2. Give and Take

Components provide services and require services from other components.

The Problem

You want to build a spell checker. It needs a dictionary. Without a component system, you’d instantiate the dictionary yourself, pass it in, manage its lifecycle. With the kernel: the dictionary provides a service, the spell checker requires it, the kernel wires them together.

Providing a Service

from signalpy.kernel import component, provides, lifecycle

@component("dict-en")
@provides("IDictionary")
class EnglishDict:
    @lifecycle.activate
    def activate(self):
        self.words = {"hello", "world", "welcome", "to", "the", "tutorial"}

    def check_word(self, word: str) -> bool:
        return word.lower() in self.words
Note

@provides("IDictionary") registers this component in the service registry under the contract name "IDictionary". Any other component can now say “I need an IDictionary” and get this one.

Requiring a Service

from signalpy.kernel import component, requires, lifecycle

@component("checker")
@requires(dictionary="IDictionary")
class SpellChecker:
    @lifecycle.activate
    def activate(self):
        print("Spell checker ready")

    def check(self, text: str) -> list[str]:
        return [w for w in text.split() if not self.rt.dictionary.check_word(w)]
Note

@requires(dictionary="IDictionary") tells the kernel: “before activating me, find a component that provides IDictionary and make it available as self.rt.dictionary.”

Typed Contracts

Strings work, but types are better. Define a Protocol and use it everywhere:

from typing import Protocol, runtime_checkable

@runtime_checkable
class IDictionary(Protocol):
    def check_word(self, word: str) -> bool: ...
@provides(IDictionary)                   # type, not string
class EnglishDict: ...

@requires(dictionary=IDictionary)        # type, not string
class SpellChecker: ...
Why types?

No magic strings to typo. IDE “find all references” works. Import errors catch mismatches at load time. Both forms work — strings for backward compat, types for new code.

Unified @requires

One decorator handles all injection modes.

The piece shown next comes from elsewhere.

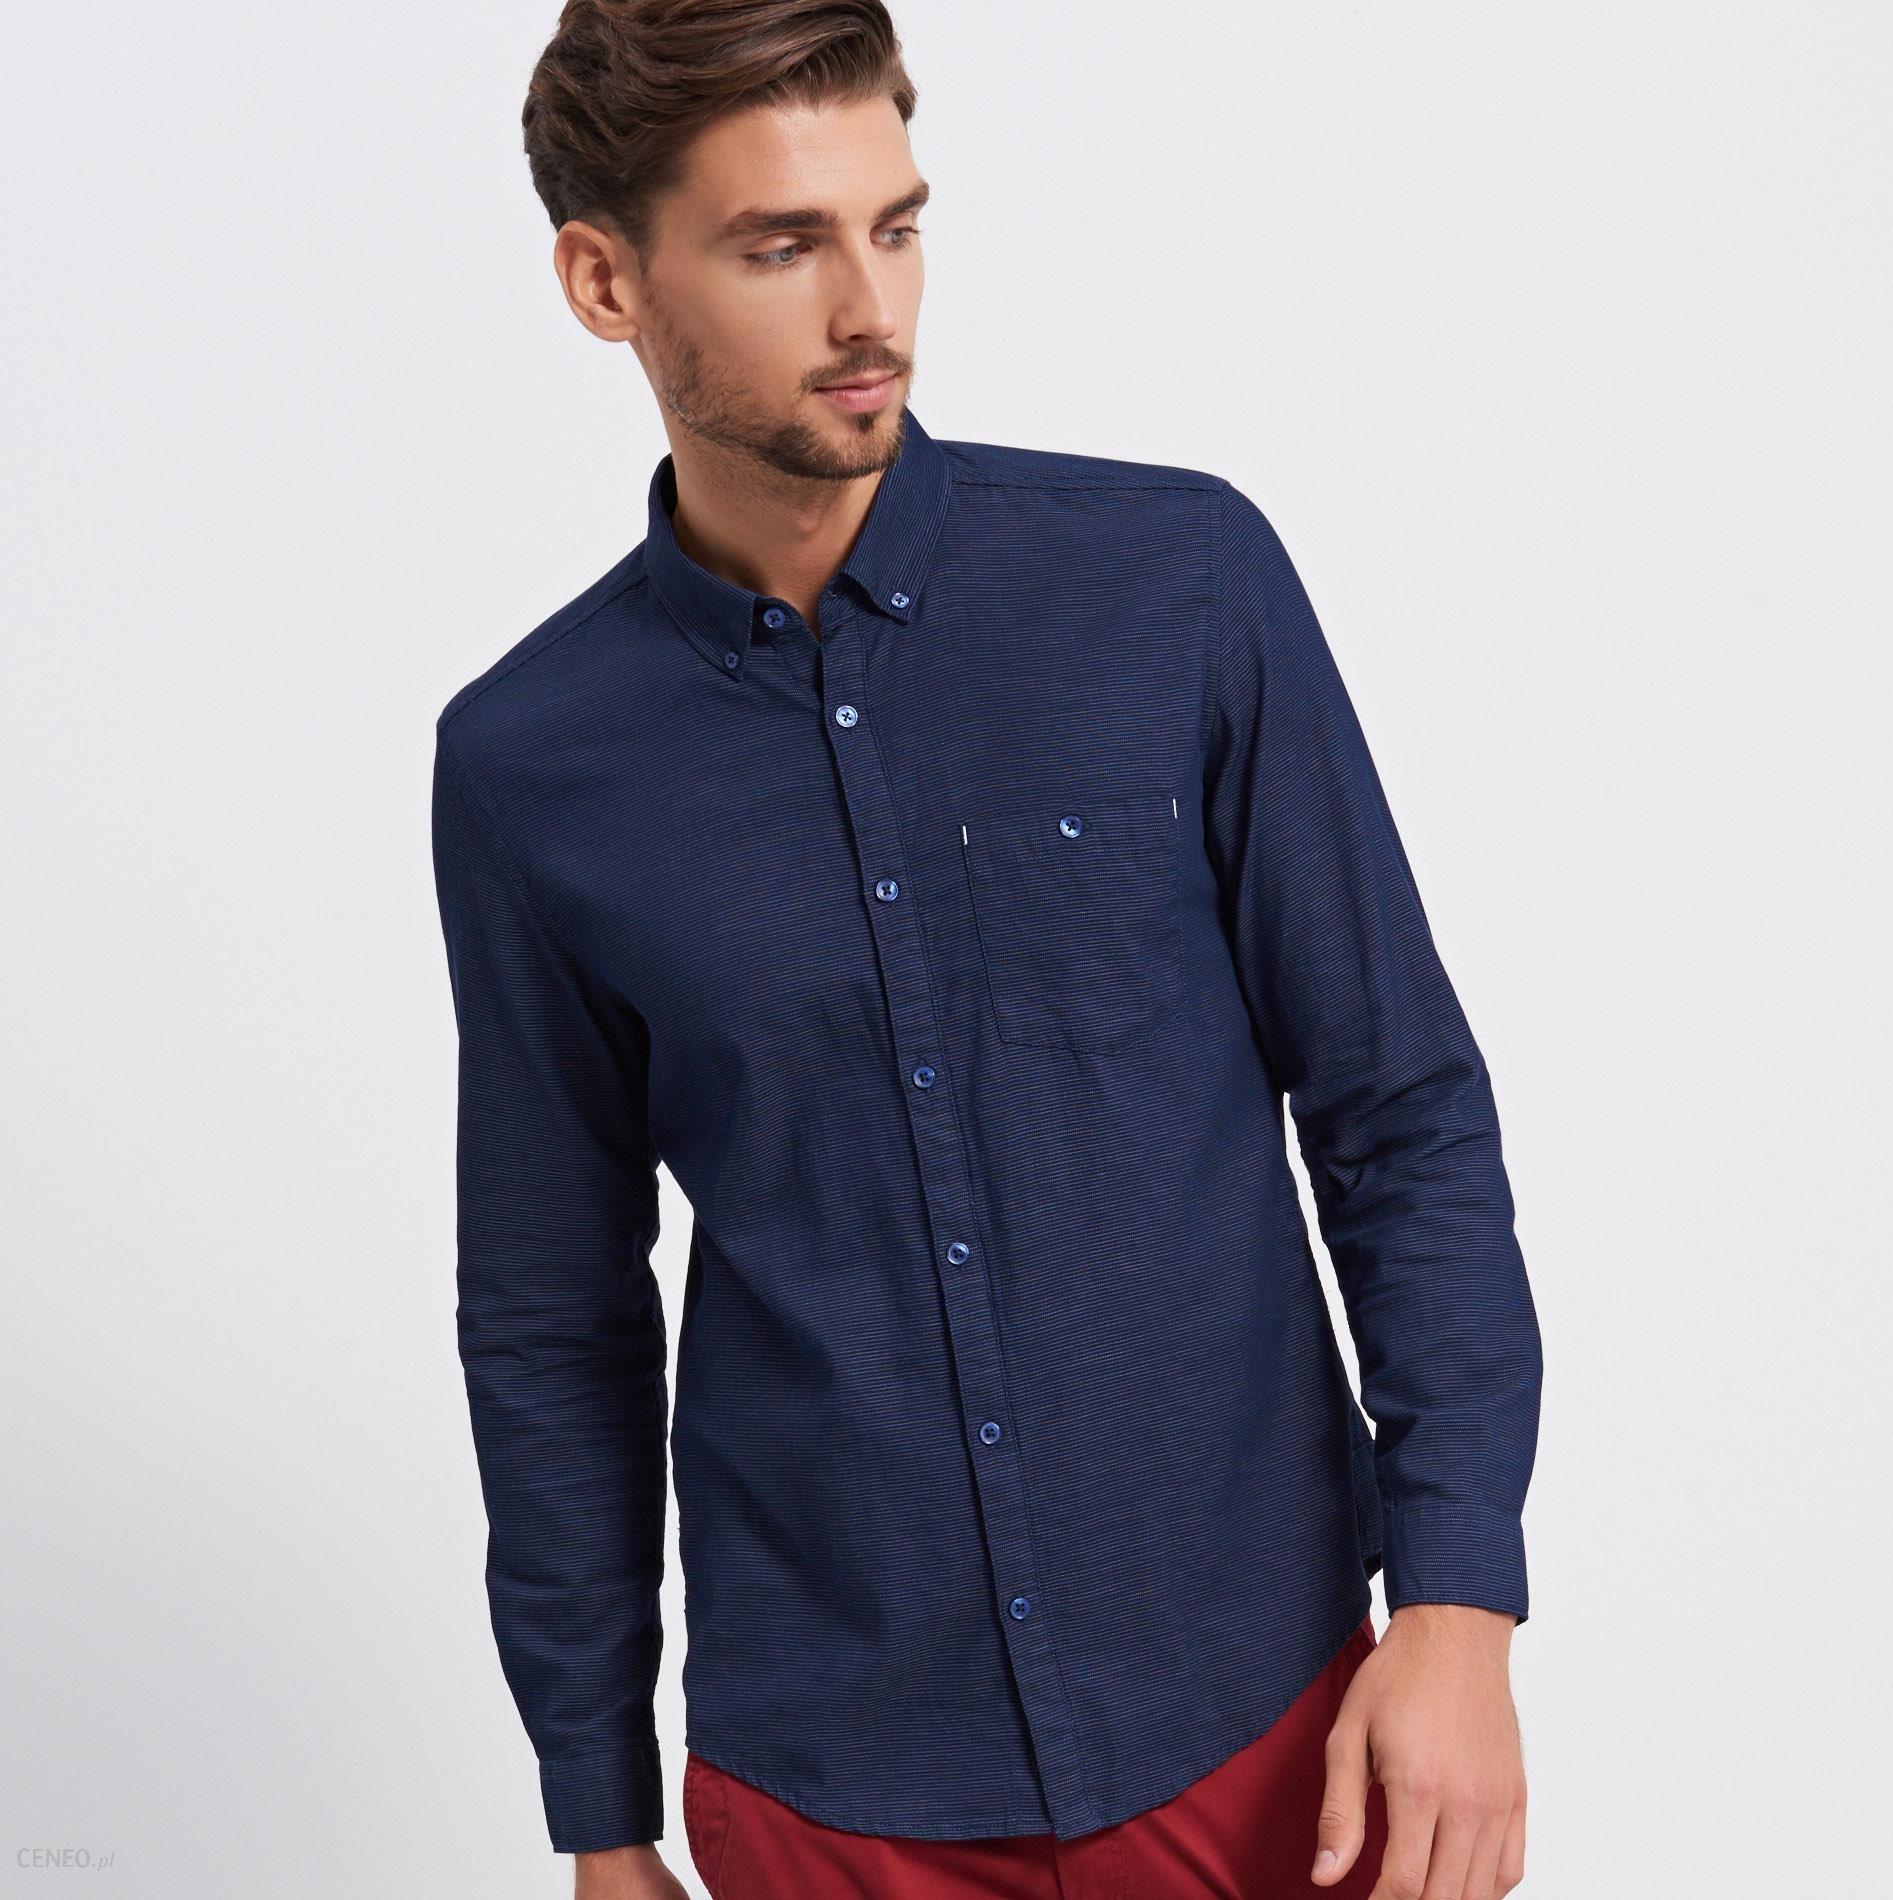 a3901fdc9415 Reserved - Koszula regular fit - Granatowy - męska - Ceny i opinie ...

The type hint tells the kernel what you need:

Declaration What self.rt.X is Use case
@requires(x=IContract) Single service (highest ranked) One config, one logger
@requires(x=list[IContract]) List of all matching All dictionaries, all plugins
@requires(x=IContract, key="lang") Dict keyed by property {"EN": en, "FR": fr}
@requires(x=IContract, optional=True) Single or None Optional cache

self.rt — The Reactive Runtime

Every injected service lives under self.rt. This is the component’s window into the kernel:

self.rt.dictionary   # injected service (from @requires) — reactive!
self.rt.config       # IConfig (if required)
self.rt.logger       # ILogger (scoped to this component)
self.rt.invoke(...)  # call another component's runnable
self.rt.publish(...) # emit an event (covered later, when we introduce events)
self.rt.spawn(...)   # create a child component (covered later)
self.rt.peek("config")  # read without reactive tracking (covered in tutorial 3)
IConfig and ILogger are kernel built-ins

IConfig, ILogger, and a handful of other contracts are defined in signalpy.kernel.contracts. The kernel ships components (ConfigProvider, LoggingProvider, …) that implement them, so you can @requires(config=IConfig) without writing the implementation yourself. Tutorial 7 shows how to write your own provider for a new contract.

self.rt is reactive

Every read through self.rt is a reactive read. Inside reactive methods (introduced in tutorial 3 as @effect and @computed), the kernel tracks what you accessed and re-runs the method automatically when those values change. Outside reactive methods, it just behaves like normal attribute access.